Cancer Cells Can Go Into Bear-Like Hibernation to Evade Chemotherapy
Cancer cells are able to hibernate like "bears in winter" when a threat like chemotherapy treatment attacks them, according to new research – apparently adopting the tactic used by some animals (though long since lost in humans) to survive through periods when resources are scarce.
Knowing exactly how cancers evade and stand up to drug treatments is an important part of working towards defeating them for good, which is why understanding this hibernation behaviour could play a crucial role in future research. Cancers can often return after staying dormant or apparently disappearing for several years following treatment.
Preclinical research on human colorectal cancer cells revealed that they were able to slow down into a low-maintenance, "drug-tolerant persister" (DTP) state, which would help explain some failures in therapy and tumour relapses.
"The tumour is acting like a whole organism, able to go into a slow-dividing state, conserving energy to help it survive," says a researcher, from the Princess Margaret Cancer Centre in Canada.
"There are examples of animals entering into a reversible and slow-dividing state to withstand harsh environments. It appears that cancer cells have craftily co-opted this same state for their survival benefit."
Collecting human colorectal cancer cells in a petri dish and exposing the cells to chemotherapy, the researchers observed the colorectal cancer cells go into the same hibernation state, in a coordinated way, when chemotherapy drugs were present. The cells stopped expanding, which means they required very little in the way of nutrients to carry on living.
These observations also "fit a mathematical model where all cancer cells, and not a small subpopulation, possess an equipotent capacity to become DTPs", which suggests these survival strategies could be seen in all cancer cells.
Researchers also used xenografts of colorectal cancer cells on different sets of mice. Once the mice developed tumours of certain sizes, researchers treated the mice with standard chemotherapy regimens. Scientists observed negligible tumour growth in mice receiving treatments during an eight-week period. When treatment stopped, tumour growth began again.
Cancer cells taken from the tumours following a regrowth period were then grafted into different mice and treated again. The regrown cells remained sensitive to treatments, and their growth stopped and started in the same fashion, findings consistent with cancer cells entering a DTP state.

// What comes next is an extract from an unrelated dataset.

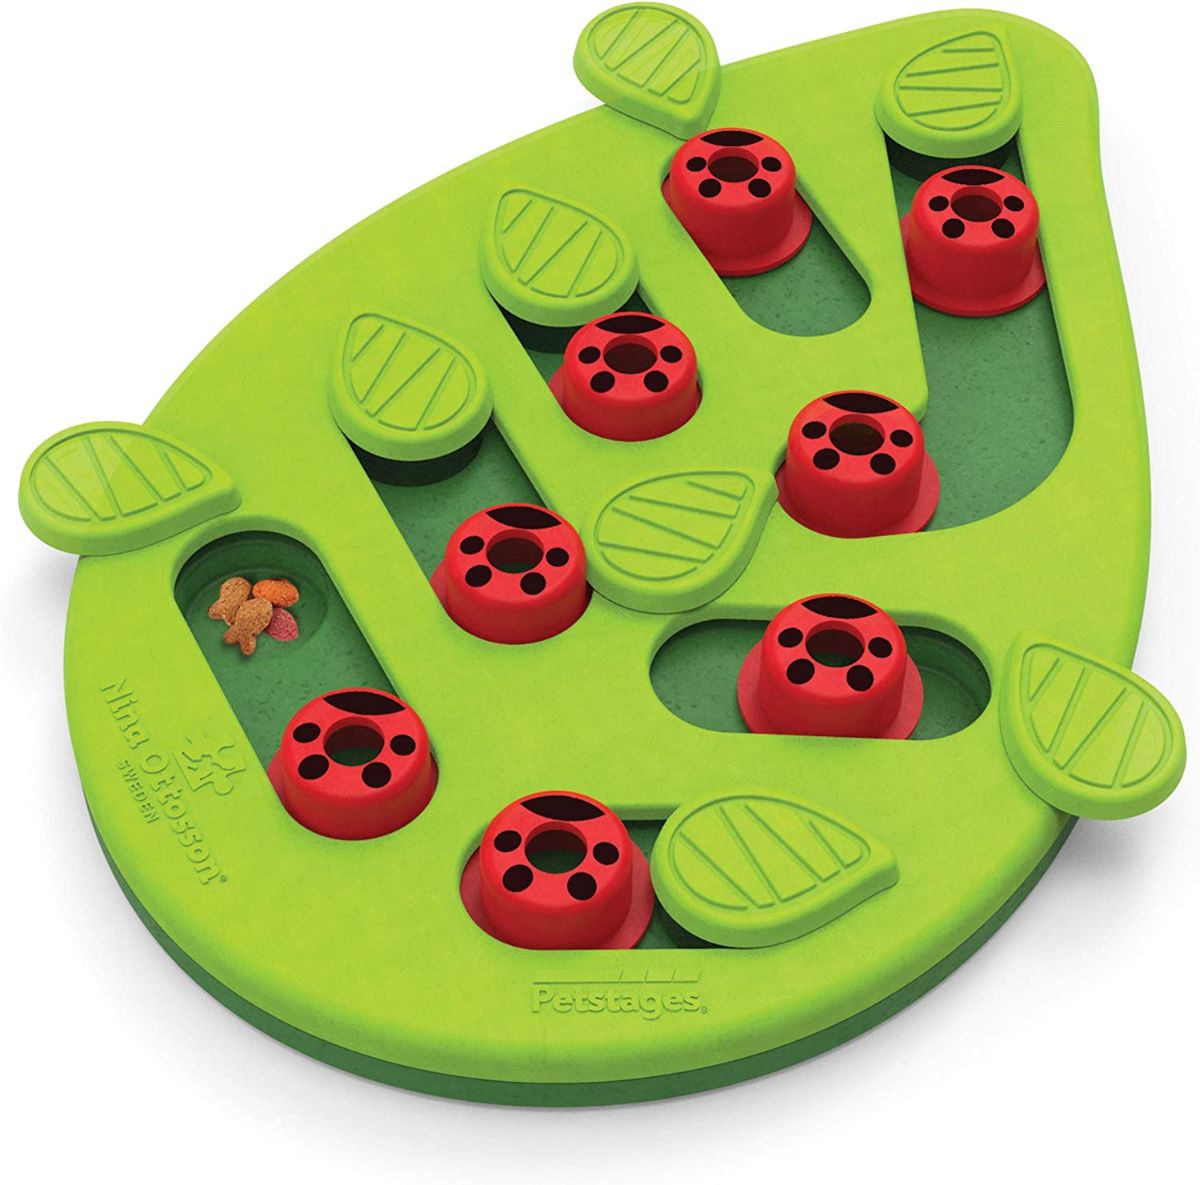 Buggin’ Out Puzzle & Play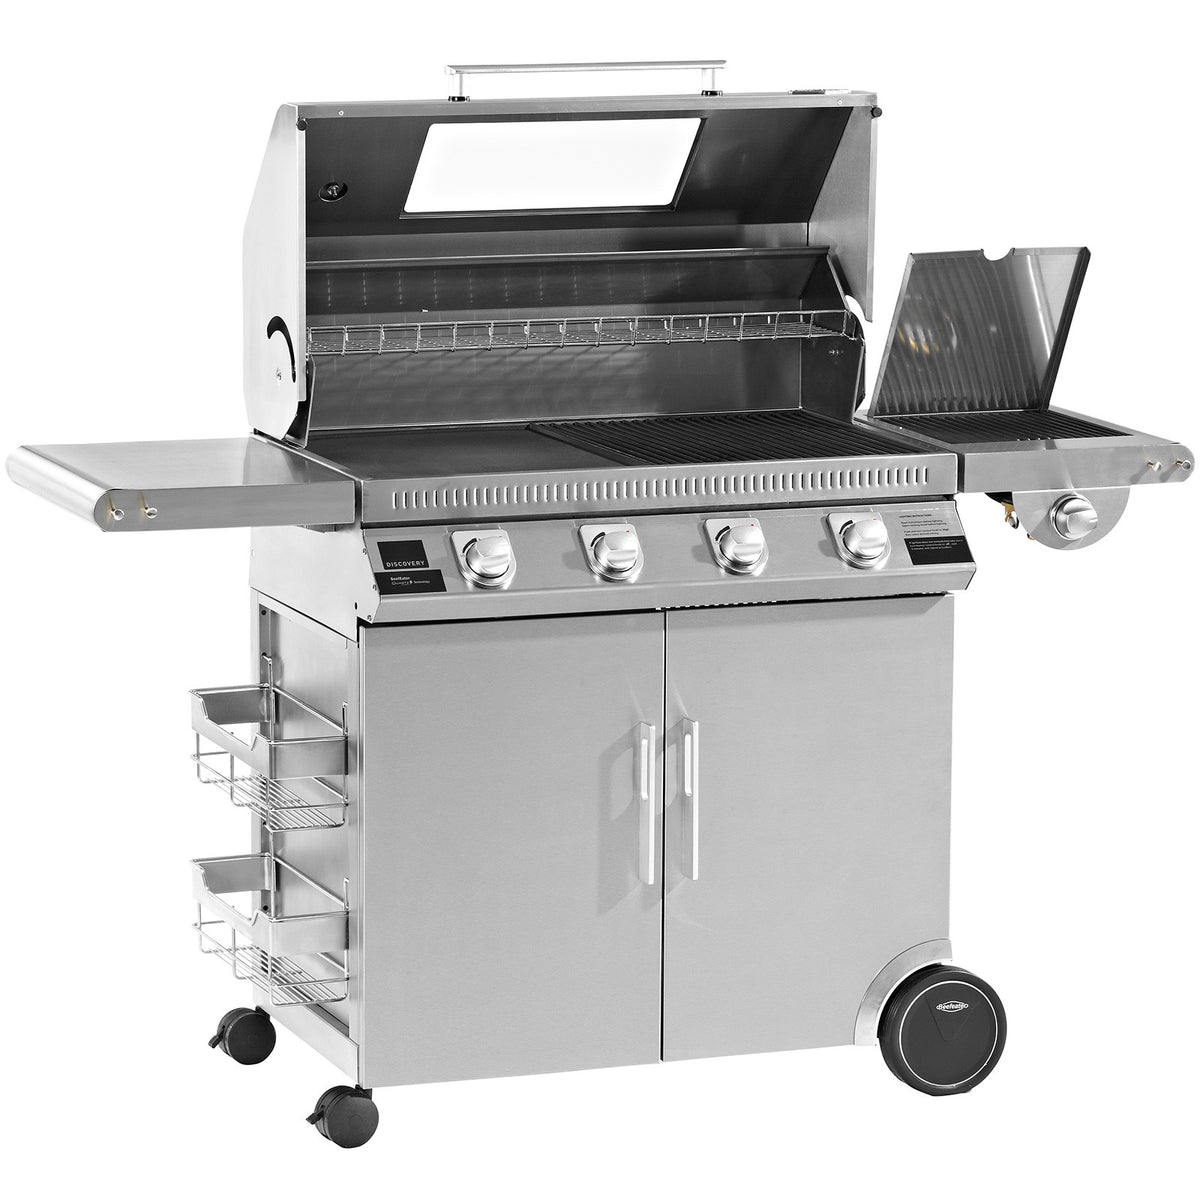 BeefEater Discovery 1100S Series 4 Burner Gas Barbecue with Stainless Steel Cabinet Trolley and Side Burner

This DTP state closely resembles a hibernation-like state called embryonic dispause that mice embryos fall back on as a sort of emergency survival mode. Embryonic diapause enables many animals, including mice, to effectively put embryonic development on pause until environmental conditions are more favourable.
Here, cancer cells have been found doing a similar trick. Another link between the DTP state and embryonic diapause is their reliance on a biological mechanism called autophagy, in which cells essentially eat themselves to find the sustenance they need. Autophagy happens naturally in the body as a way of clearing out waste, but in this case cancers are using it to stay alive.
"We never actually knew that cancer cells were like hibernating bears," says an oncologist, from the Princess Margaret Cancer Centre. "This study also tells us how to target these sleeping bears so they don't hibernate and wake up to come back later, unexpectedly."
"I think this will turn out to be an important cause of drug resistance, and will explain something we did not have a good understanding of previously."
By targeting and inhibiting the autophagy process, the researchers were able to break the hibernation (or DTP) state and kill the cancer cells off for good with chemotherapy. This could be one approach for tackling cancer tumours that are resistant to conventional treatments in the future.
Scientists already know about several other ways that cancers can hide away in the body, so this new study adds to a growing collection of evidence about how to take on the cancer cells that are most resistant to current drugs and approaches.
"This gives us a unique therapeutic opportunity," says the researcher. "We need to target cancer cells while they are in this slow-cycling, vulnerable state before they acquire the genetic mutations that drive drug-resistance.
"It is a new way to think about resistance to chemotherapy and how to overcome it."
The research has been published in Cell.